Embracing the Inner Introvert

book

Traveling home from California last week, I picked up a book at the airport newsstandQuiet, The Power of Introverts in a World that Can’t Stop Talking by Susan Cain. The title was intriguing for two reasons. First, I had just been the outreach person for my employer at a busy stakeholder conference and found myself feeling withdrawn, day dreaming about sitting alone somewhere without all these people. Secondly,  according to my freshly printed Myers-Briggs results, on the spectrum of extrovert and introvert, I clearly lean towards “introvert.”

With years of schooling in Business and Leadership, the need to be an extrovert has been thrust upon me. Cain talks extensively about Harvard Business School practices and the fact that there are no obvious introverts there. I can relate. In the realm of business, you don’t want to be the one sitting on your hands. You want to be the team member to have the answer, quickly (even if its not the best answer). Taking time, pulling away from the group to gather one’s thoughts and put together a thorough and detailed plan is the way an introvert would function. Team cultures and cultures of personality dominate workplaces and universities and the slow thoughtful scenario does not fly.

It doesn’t take long to understand the contrast between extroverts and introverts in social situations either. The extrovert looks forward to a party or social event and the introvert may not. The extrovert wants to stay all night and talk. The introvert will enjoy it for a while and then feel the need to go home and have quiet time. Luckily, I am married to an thoughtful introvert, and we have two children who also lean towards those same tendencies so we all get along fine with our social needs. This is not to say we can’t be social. We just like social interaction in smaller quantities and value (crave) the solitary times.

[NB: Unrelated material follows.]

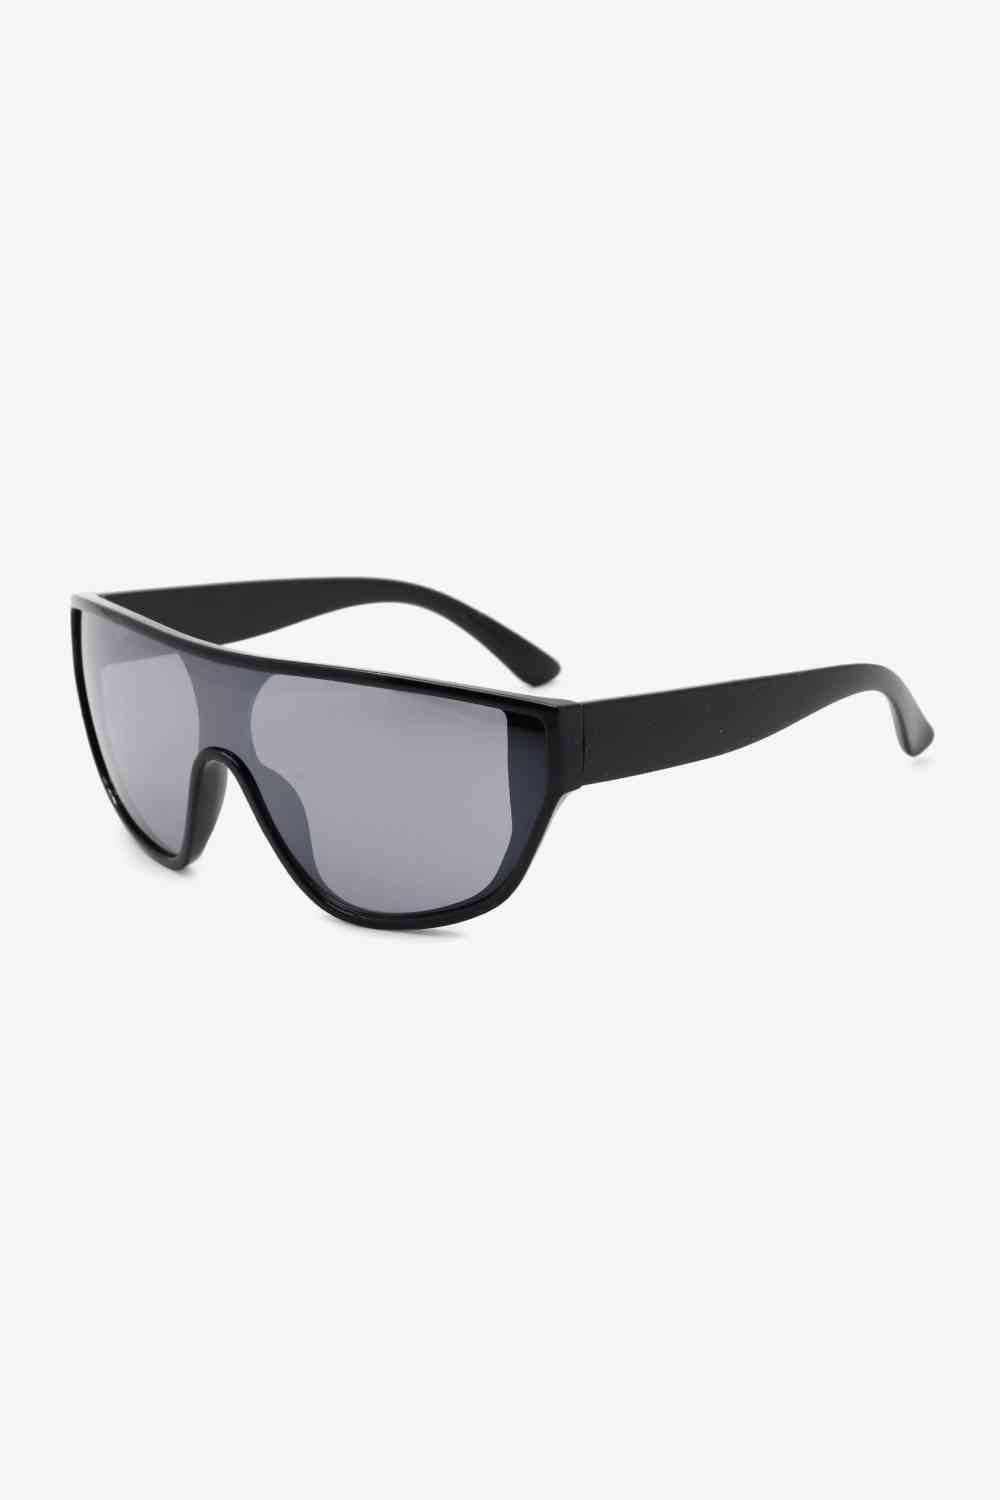 TEEK - Womens Wayfarer Sunglasses EYEGLASSES TEEK Trend Black

Relating my drinking habits to this book, it became evident to me pretty quickly that drinking helps me to be more gregarious and relaxed in social situations. Give me a Ketel One martini or two and I’ll chat all night. Wine at dinner suppresses the need to retreat and helps me to engage with others without feeling self-conscious. Since the vow of abstinence, small dinner parties can feel uncomfortable and a self-critical voice will at times surface. The lack of ease is something that I am learning to manage. Giving myself permission to be silent is a start. Reading Susan Cain’s book is helpful in understanding that the issue is not that introverts lack social skills (something that I have feared). The core of the introvert is quiet and learning to value that is a new step in this experiment.